In XPath, I know I can select all following elements with /following::* , however I'd like to avoid also selecting the children contained within any following elements.在 XPath 中，我知道我可以 select 以下所有元素都带有/following::* ，但是我想避免也选择包含在以下任何元素中的子元素。

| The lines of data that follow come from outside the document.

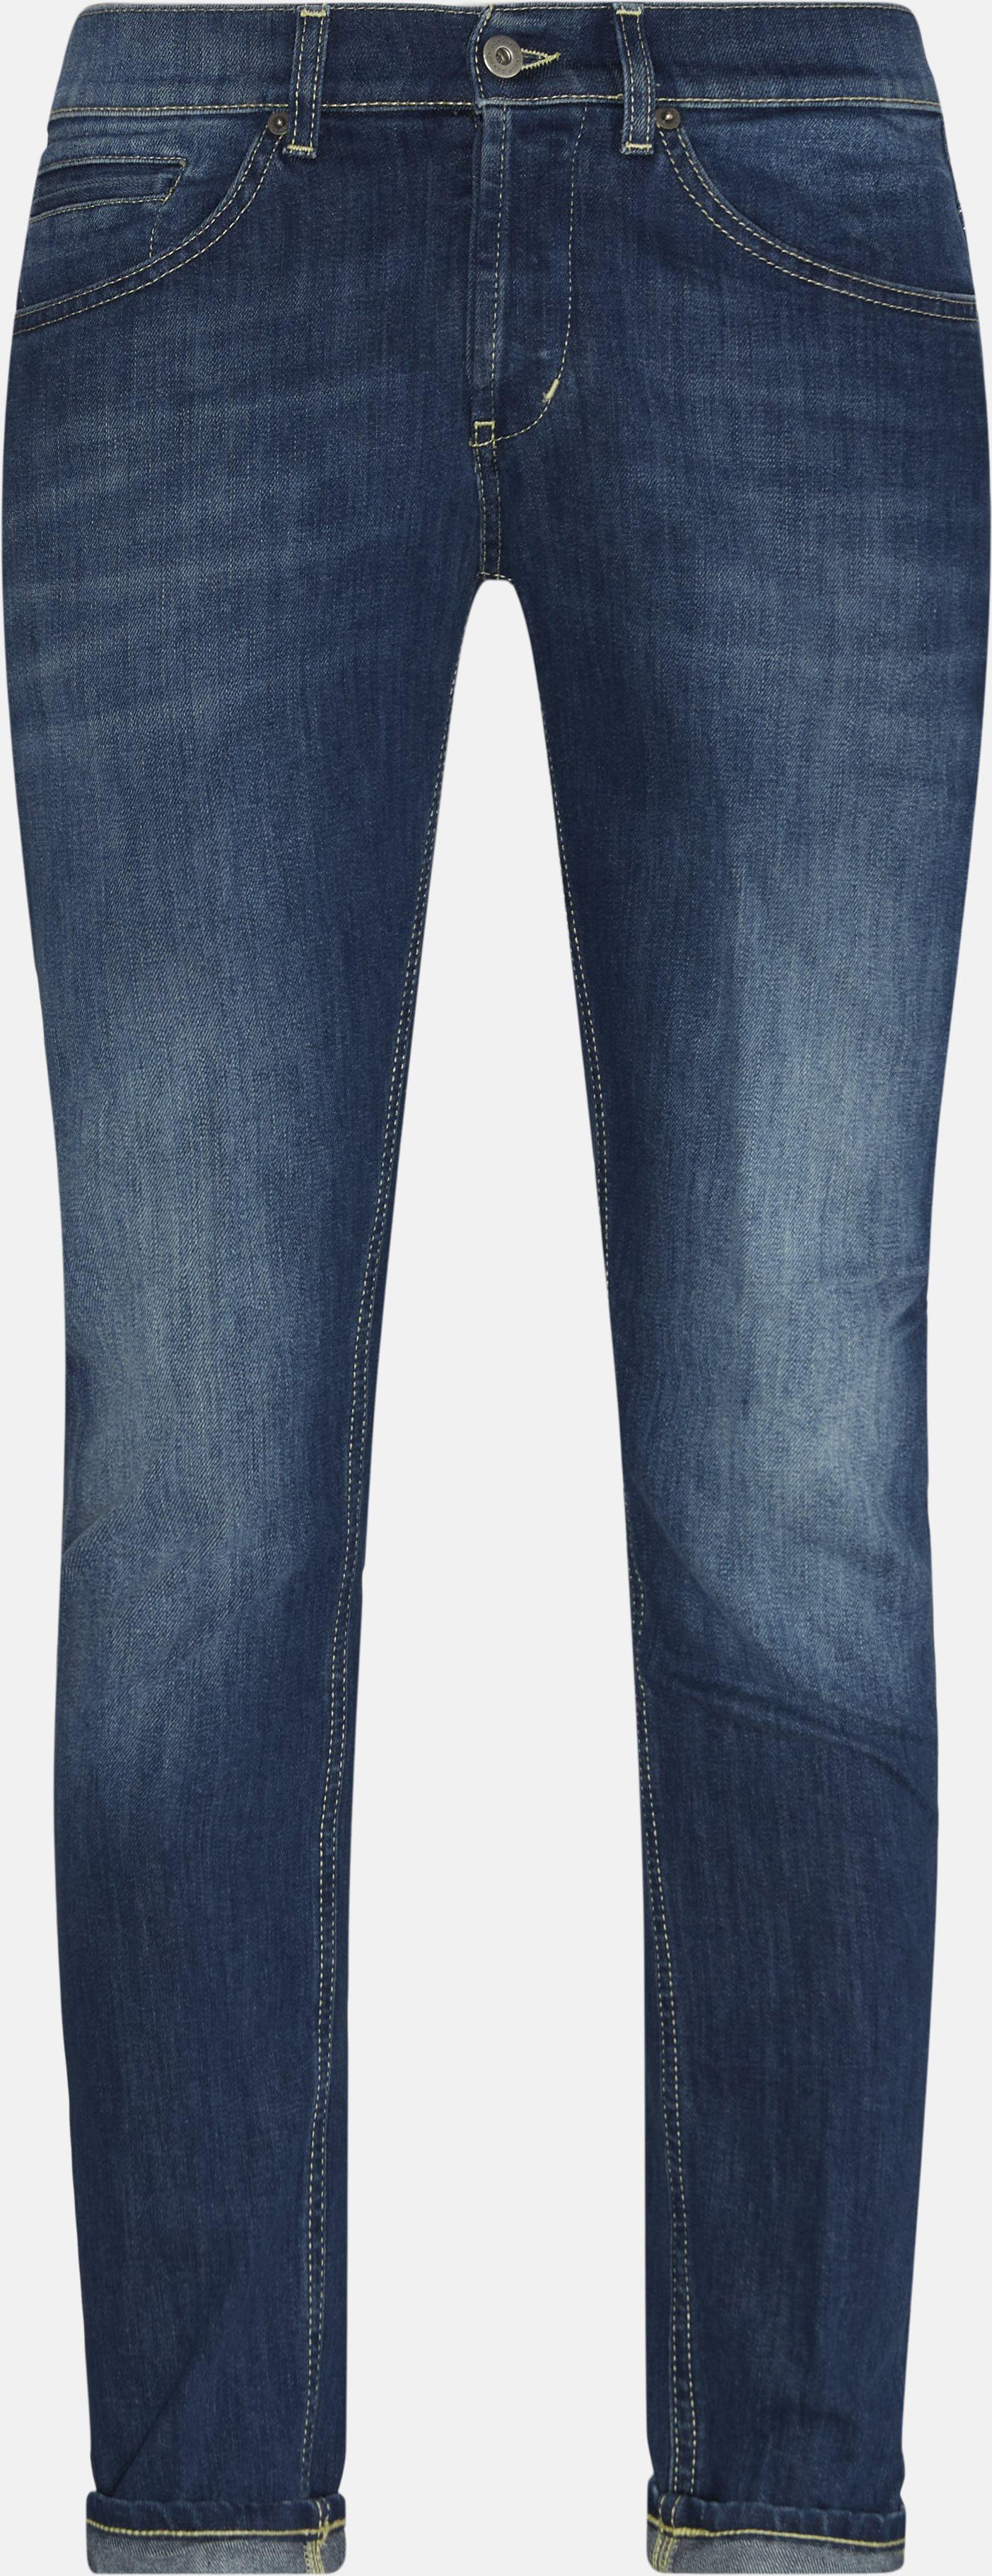 George Jeans - Jeans - Slim fit - Denim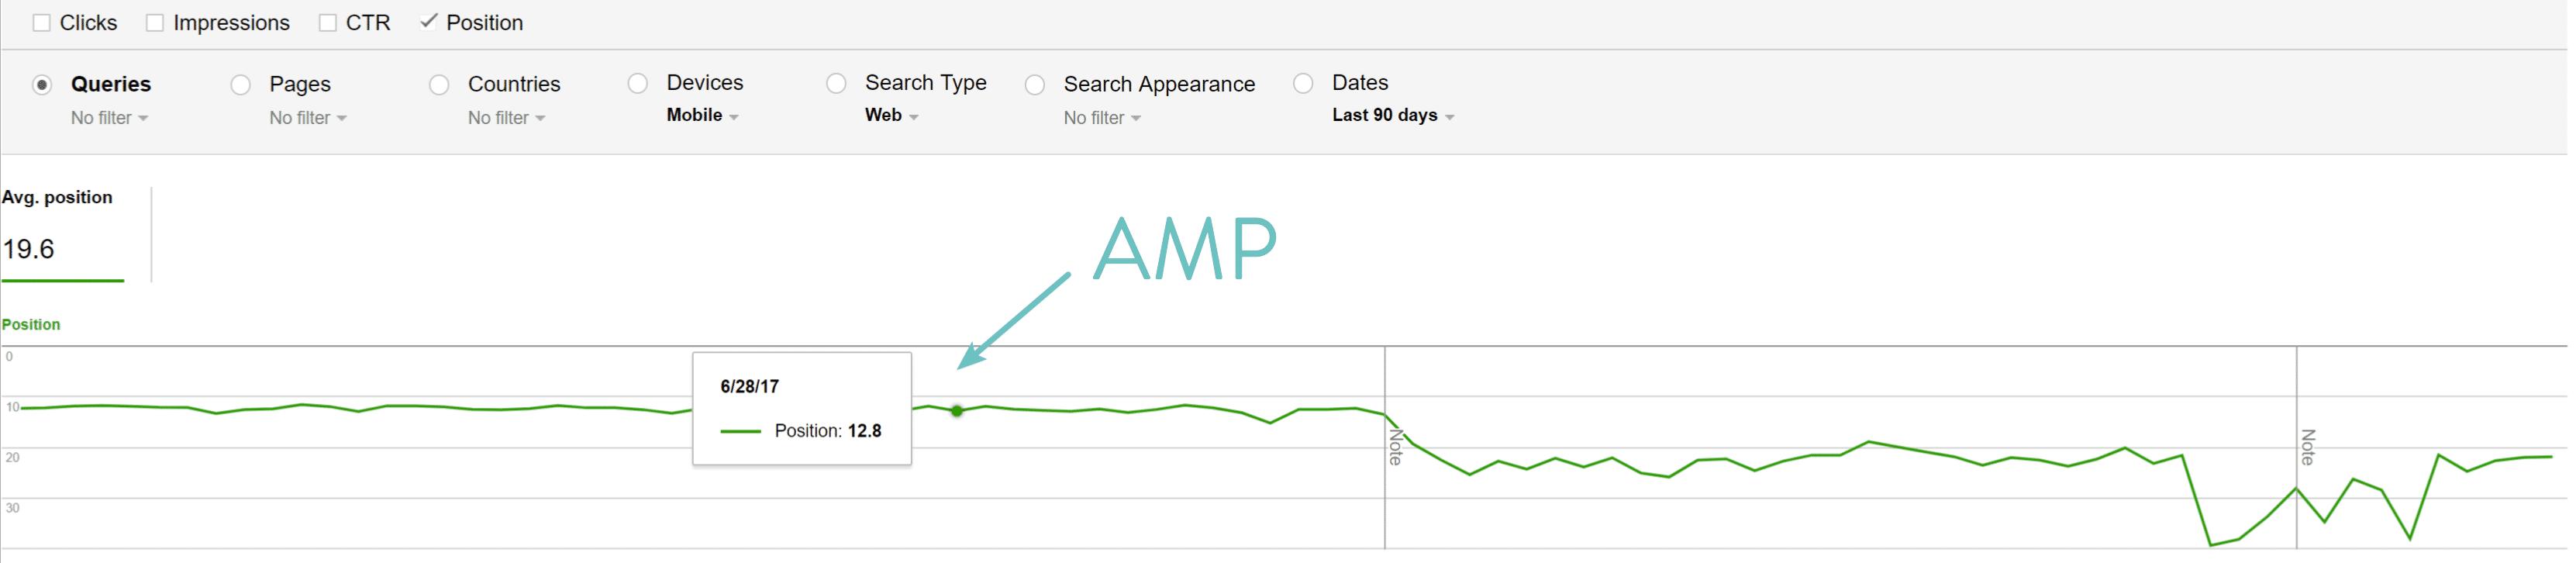 Google AMP Positionsdaten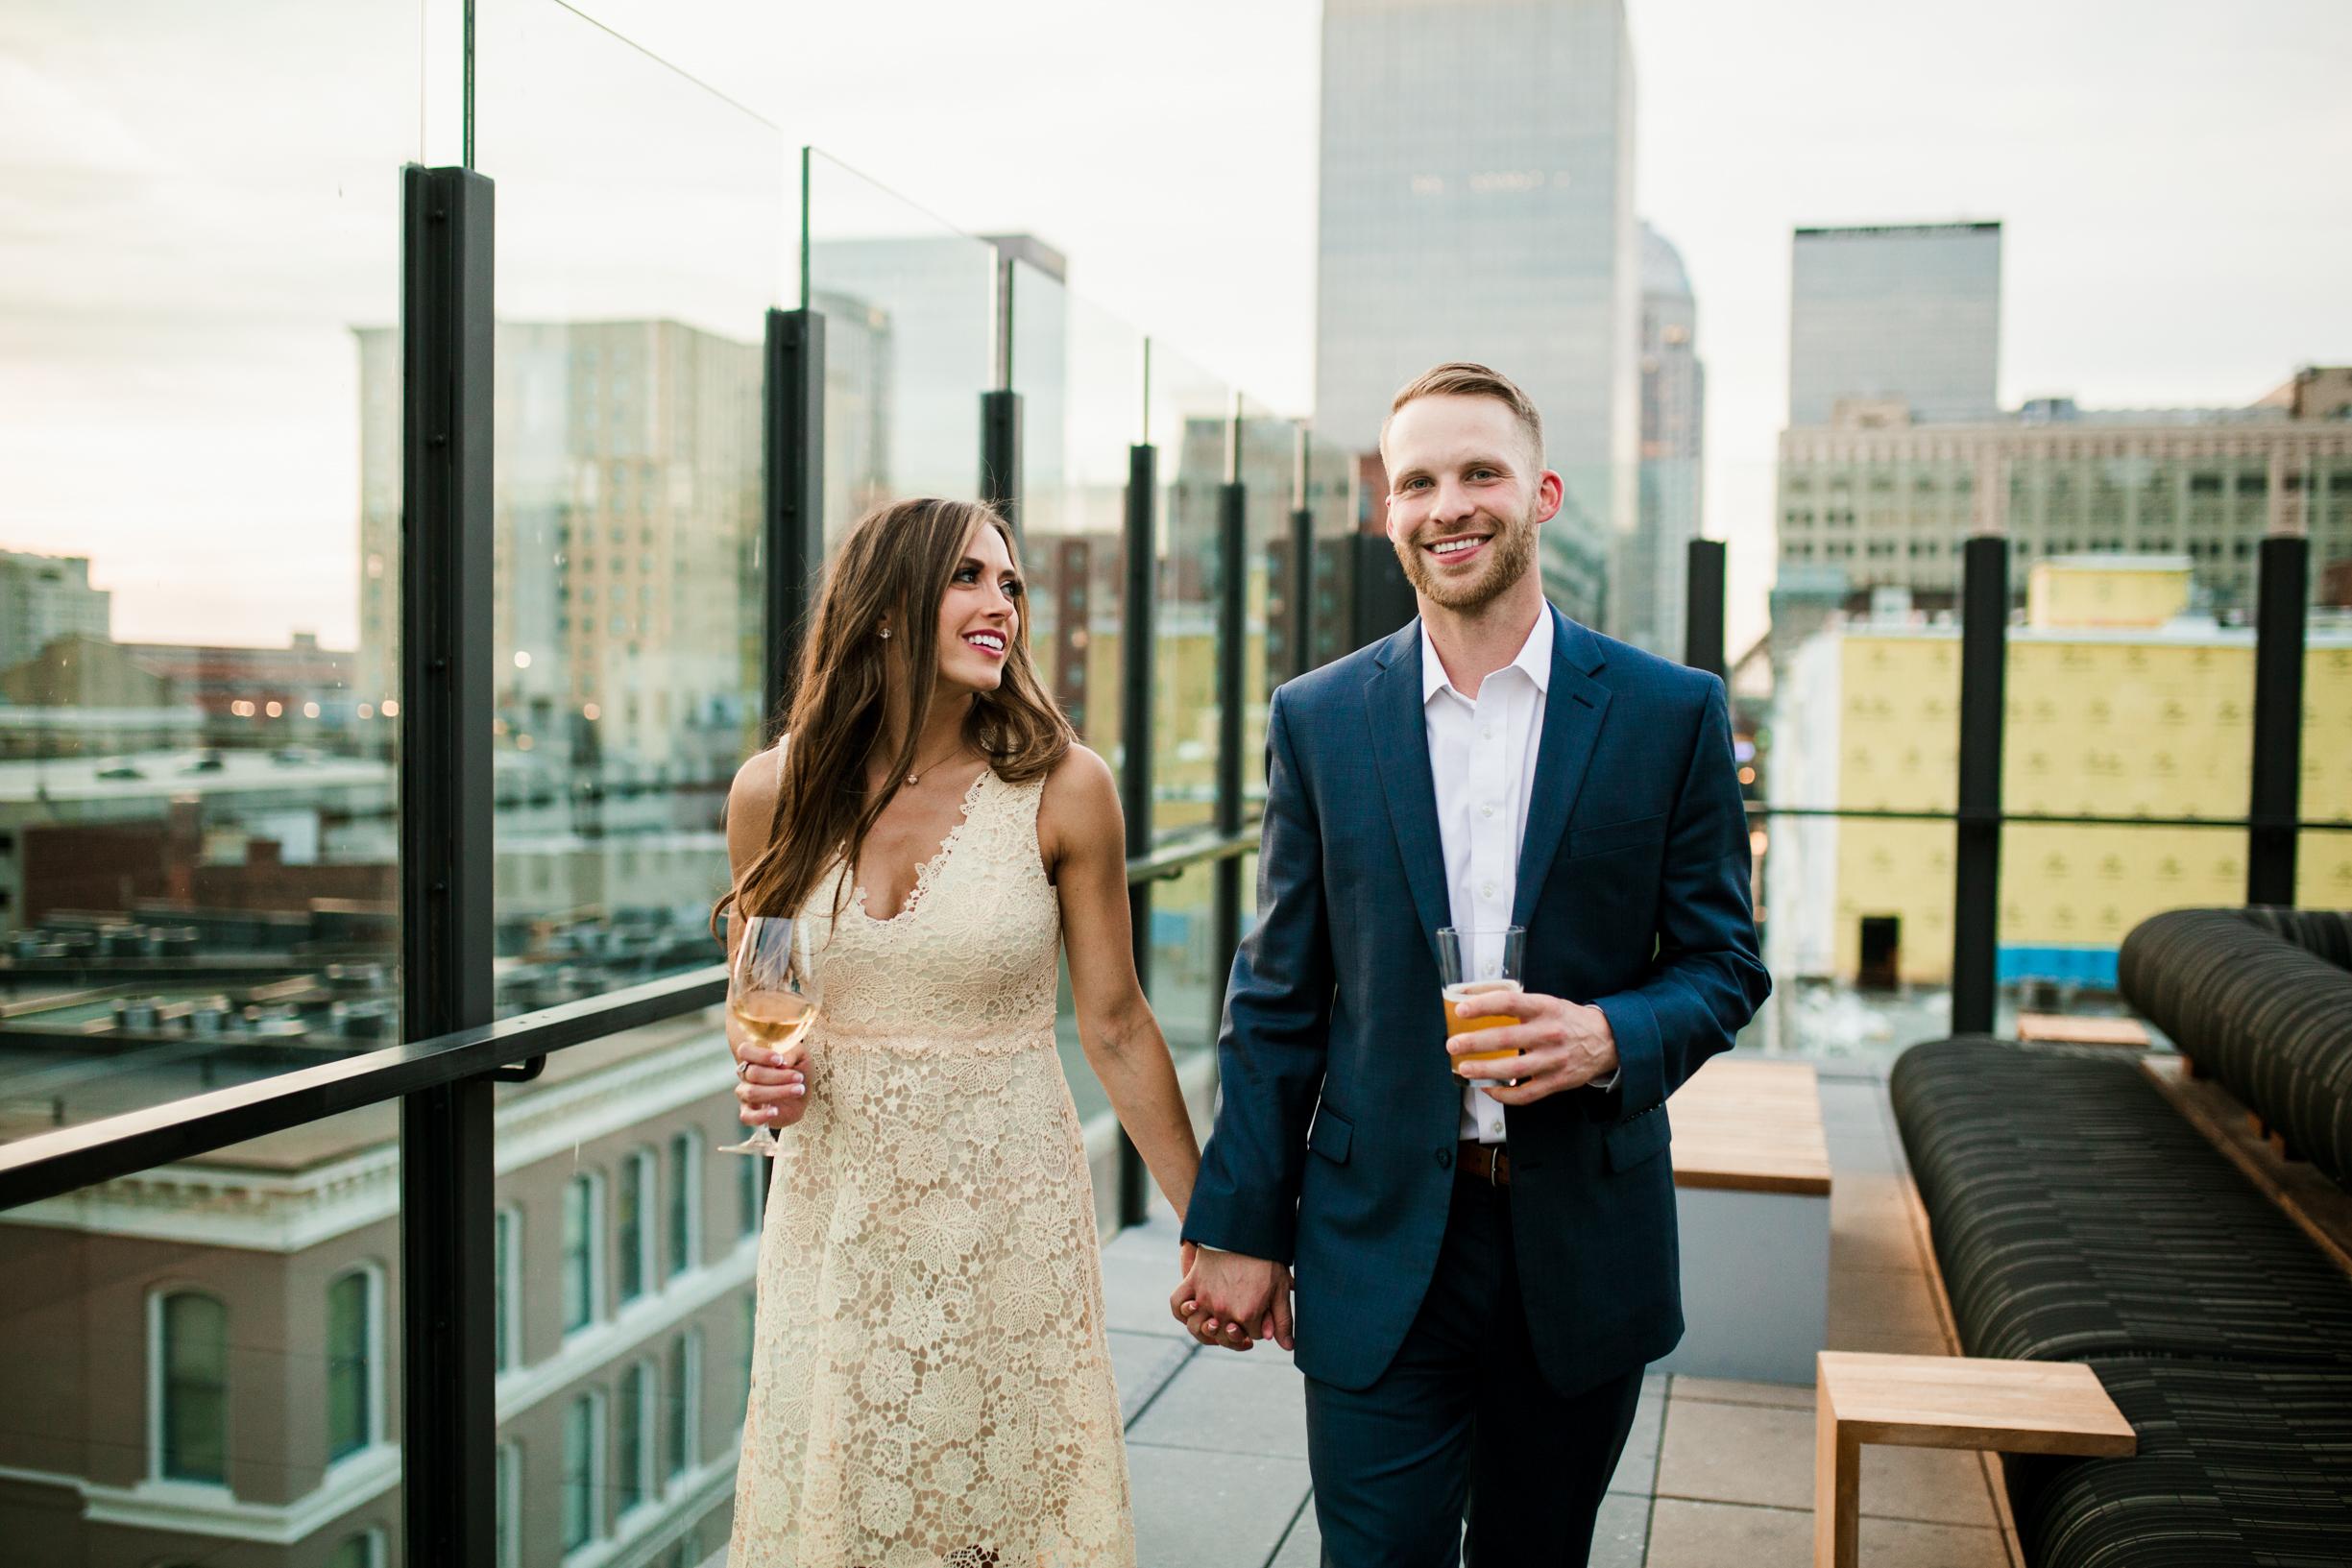 Victoria & Chad Engagement 2018 Crystal Ludwick Photo Louisville Kentucky Wedding Photographer WEBSITE (24 of 48).jpg

For example, given this document:例如，给定这个文档：

<body>
    <div id="div1">
        <p id="p1">...</p>
        <p id="p2">
            <span id="span1"></span>
            <span id="span2"><i id="i1">...</i></span>
        </p>
        <p id="p3">...</p>
    </div>
    <div id="div2">
        <p id="p4">...</p>
        <p id="p5">...</p>
    </div>
</body>

If I have span1 selected, I would like to select span2 (but not i1 ), p3 , and div2 (but not p4 or p5 ).如果我选择了span1 ，我想 select span2 （但不是i1 ）、 p3和div2 （但不是p4或p5 ）。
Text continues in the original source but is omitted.